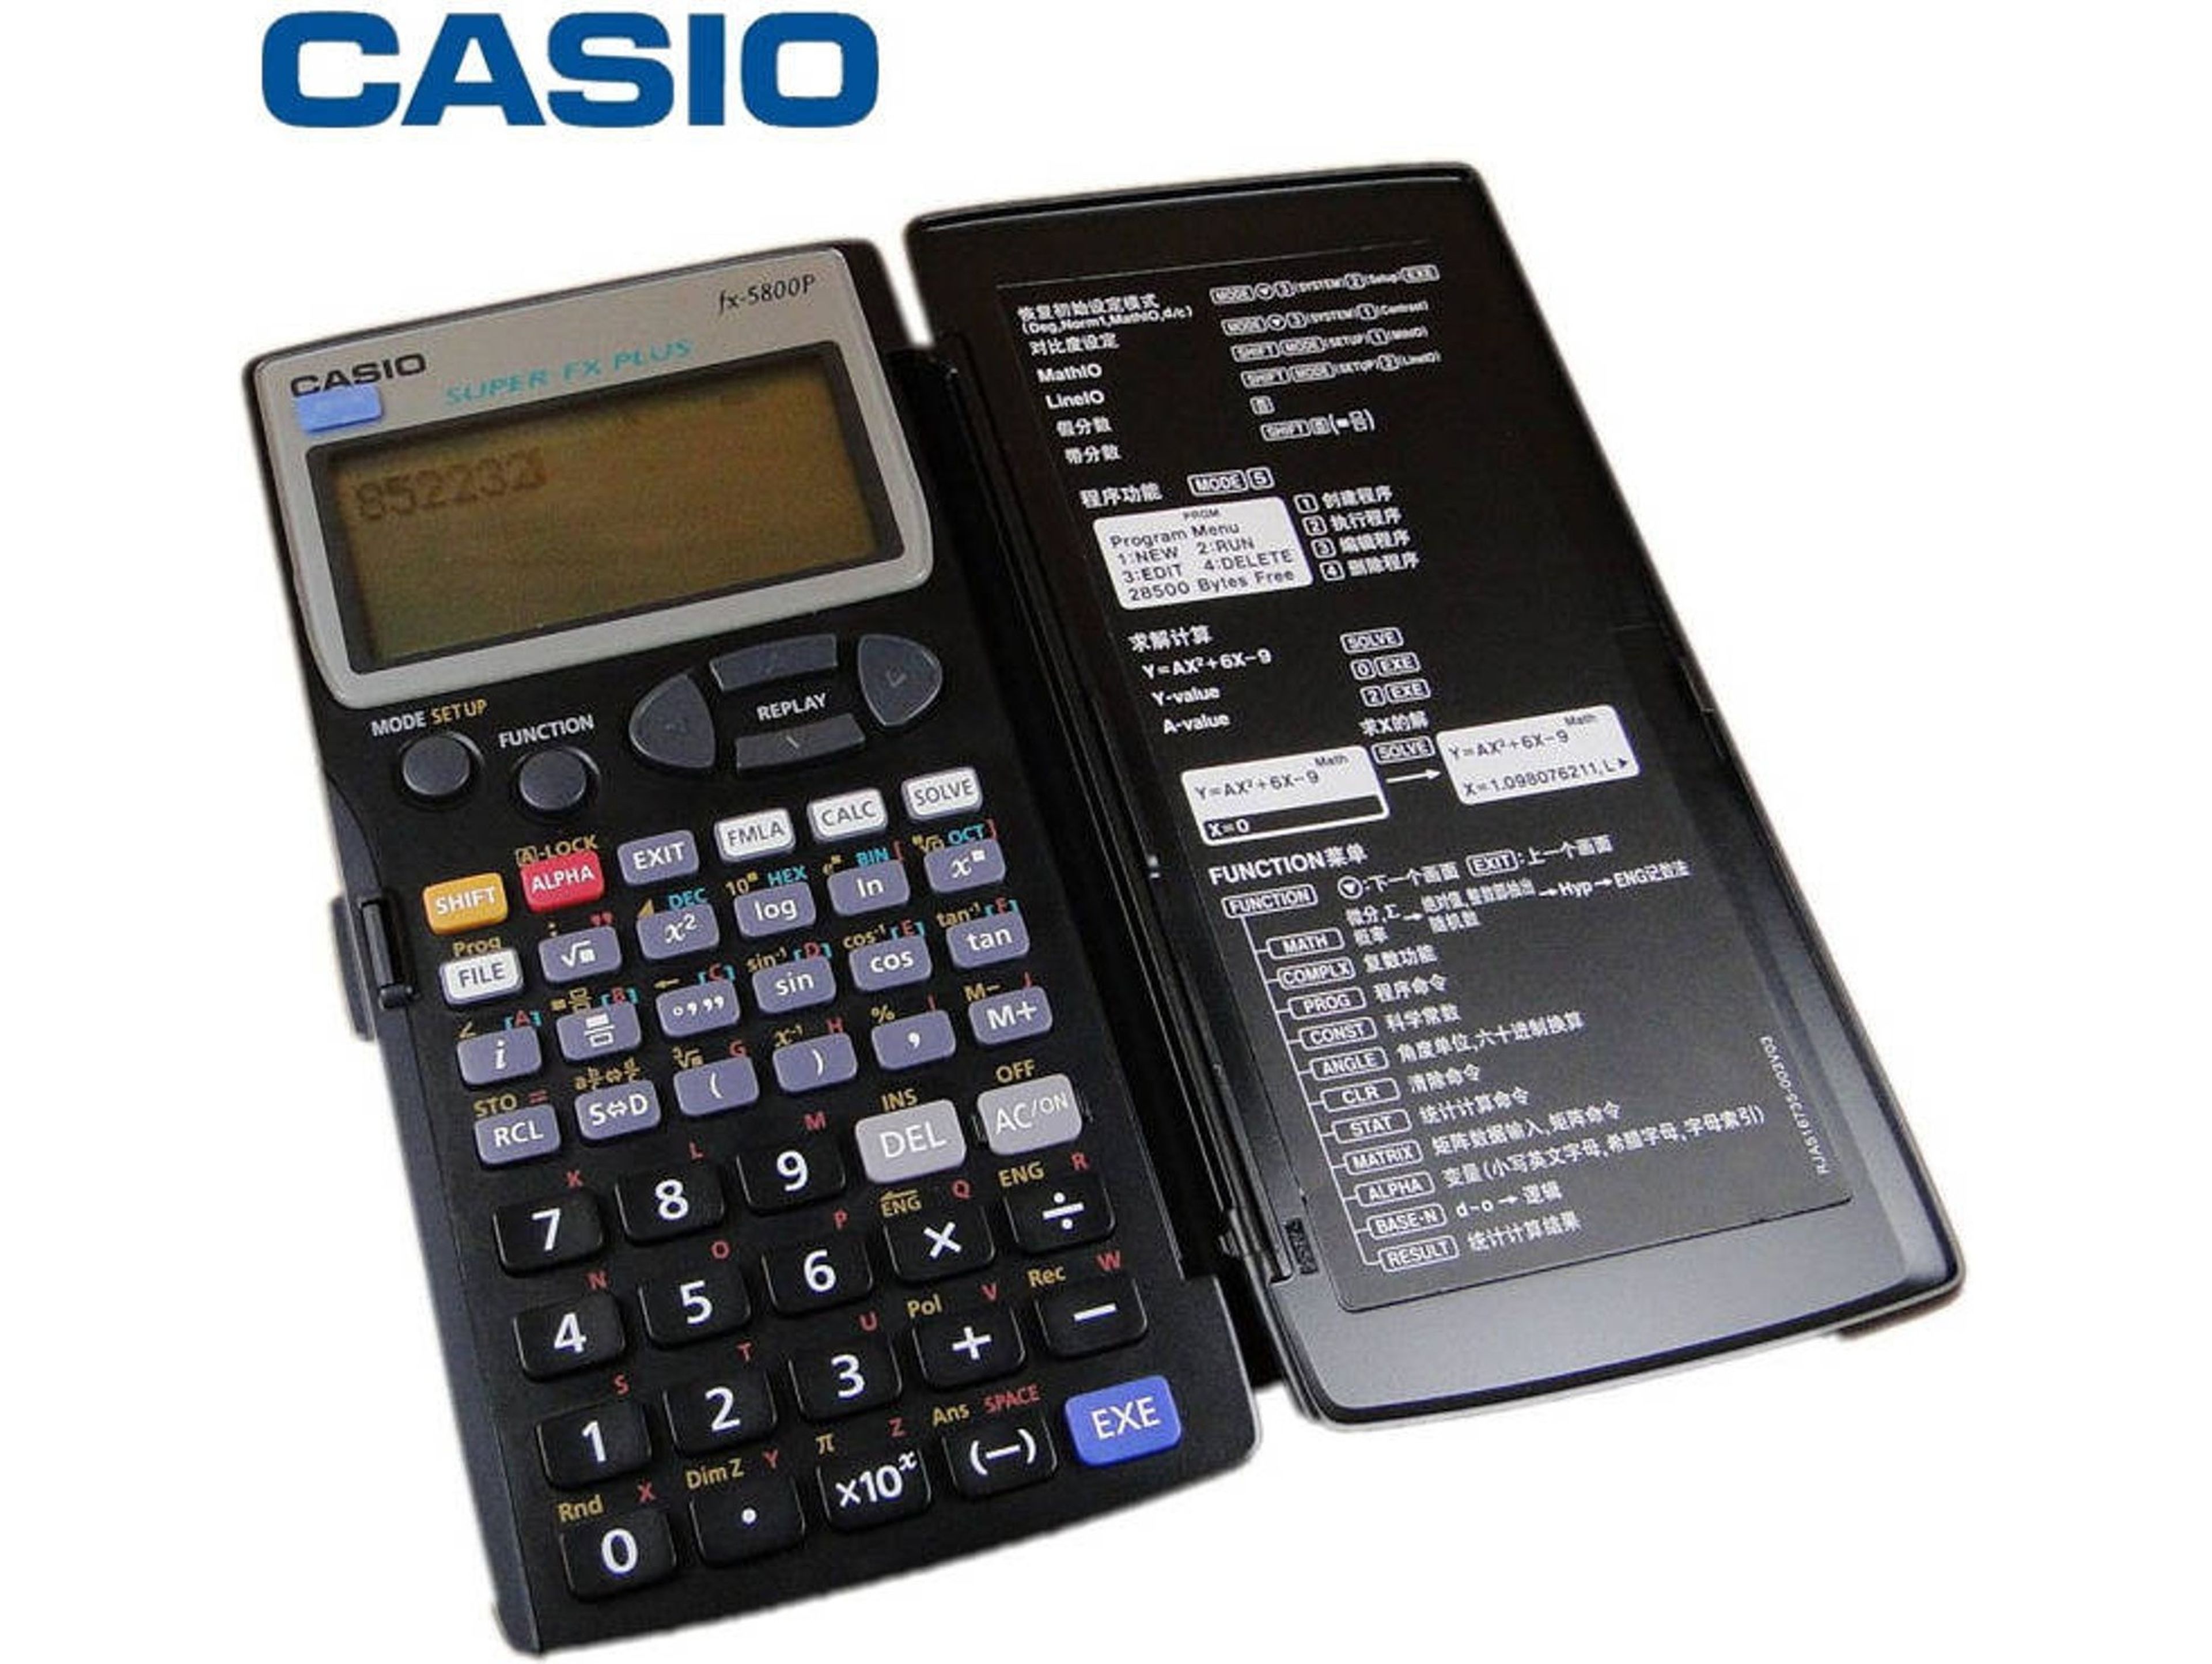 Casio fx-5800p calculadora
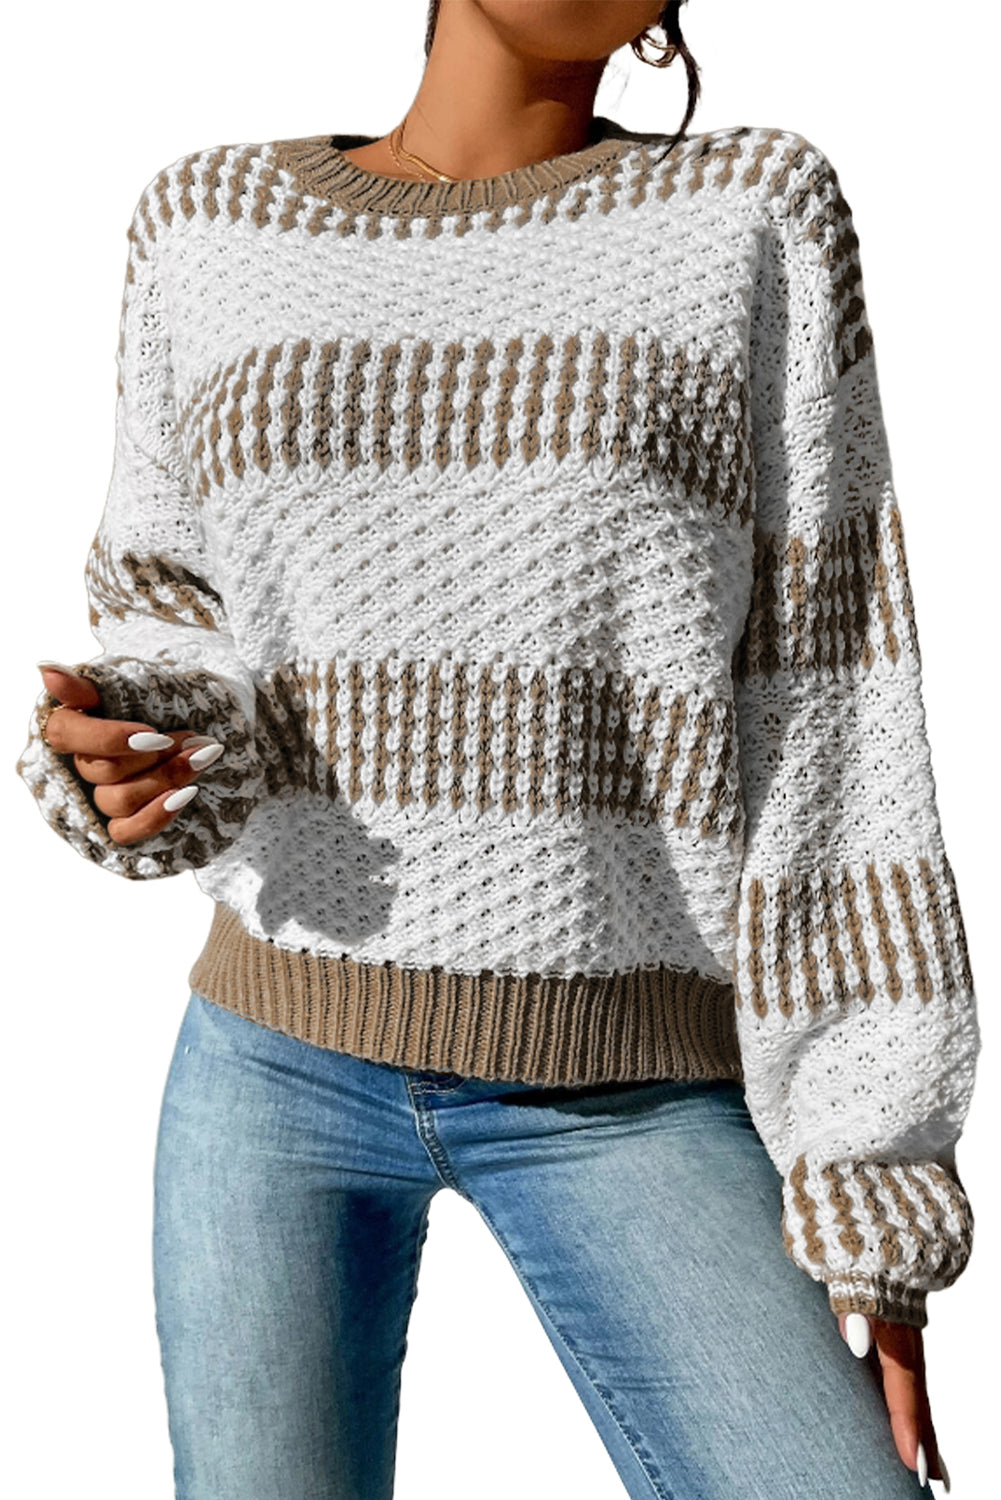 Večbarvni dvobarvni pulover z navpičnimi črtami na spuščena ramena
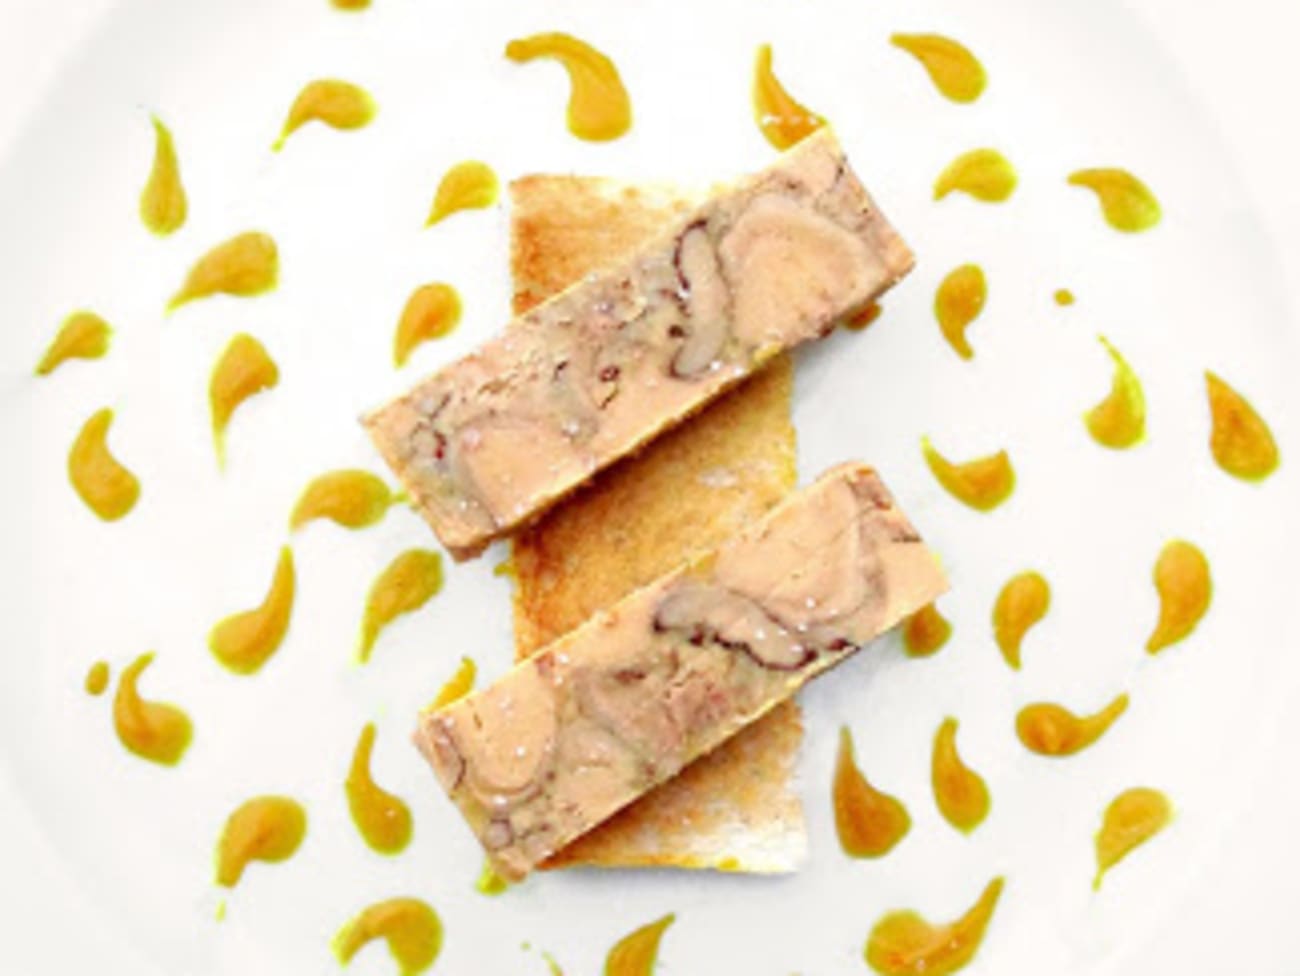 Comment préparer une terrine de foie gras à la mangue : recette
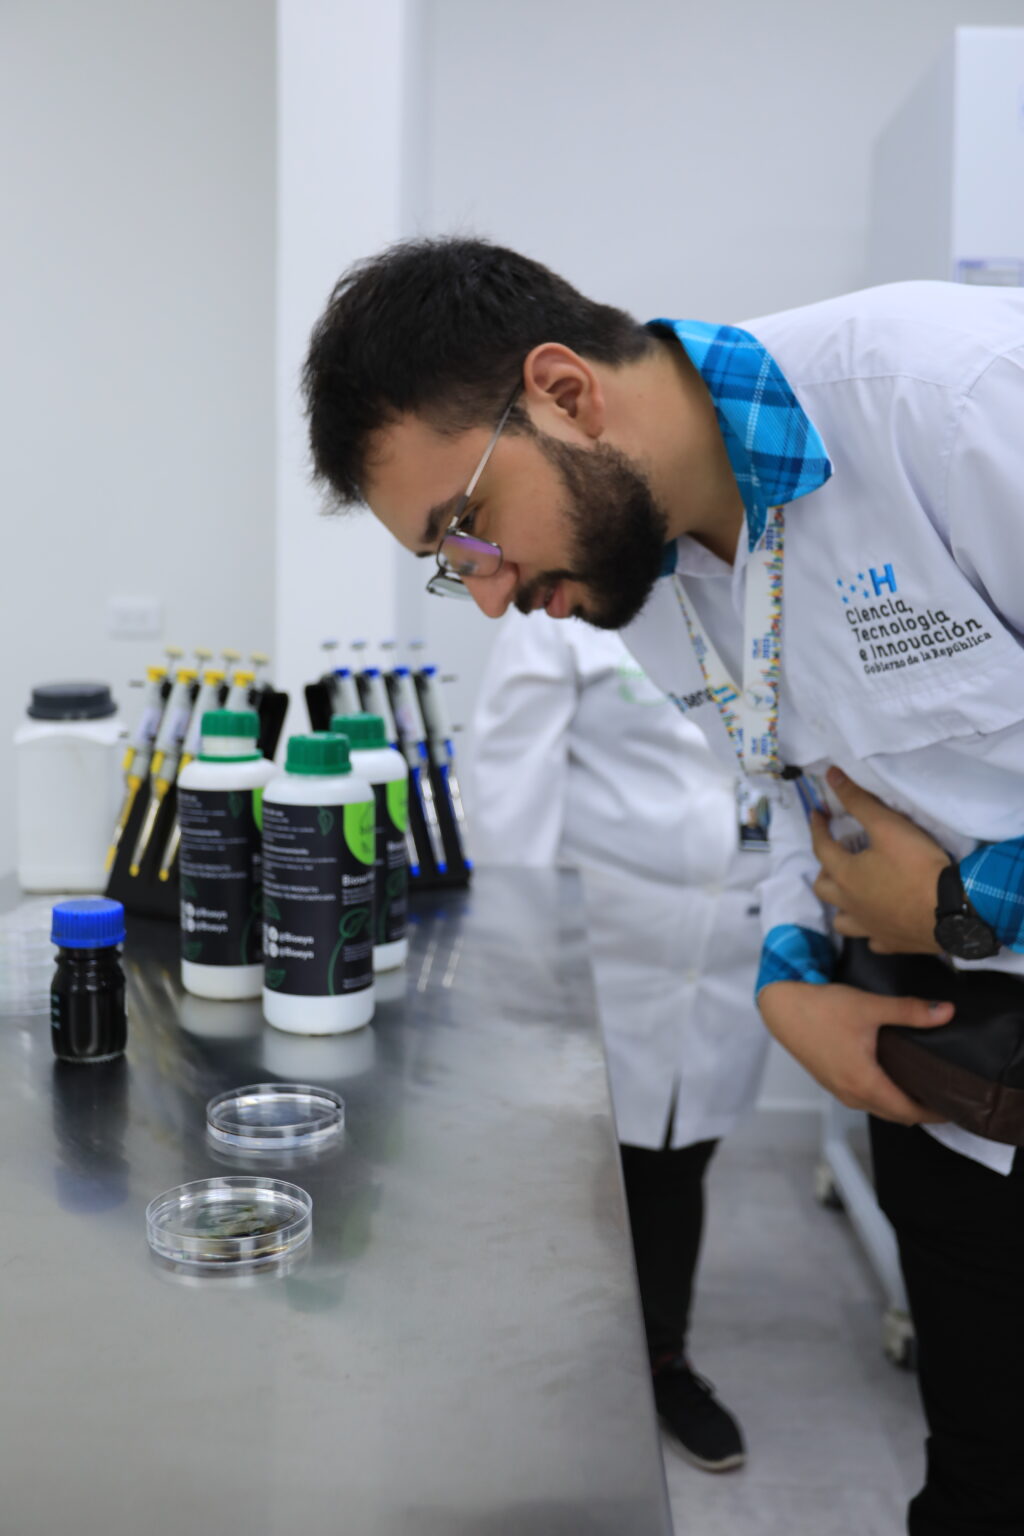 Delegados de la CELAC visitaron instalaciones del Parque Científico Tecnológico de Venezuela + Ciencia

***

§ **WHAT YOU ARE ASKED TO DO**:
Print the complete listing exactly as it stands, without its pictures.

§ **TASK SOLUTION**:
 Casio fx-5800p calculadora
 Večbarvni dvobarvni pulover z navpičnimi črtami na spuščena ramena
 Comment préparer une terrine de foie gras à la mangue : recette
 Delegados de la CELAC visitaron instalaciones del Parque Científico Tecnológico de Venezuela + Ciencia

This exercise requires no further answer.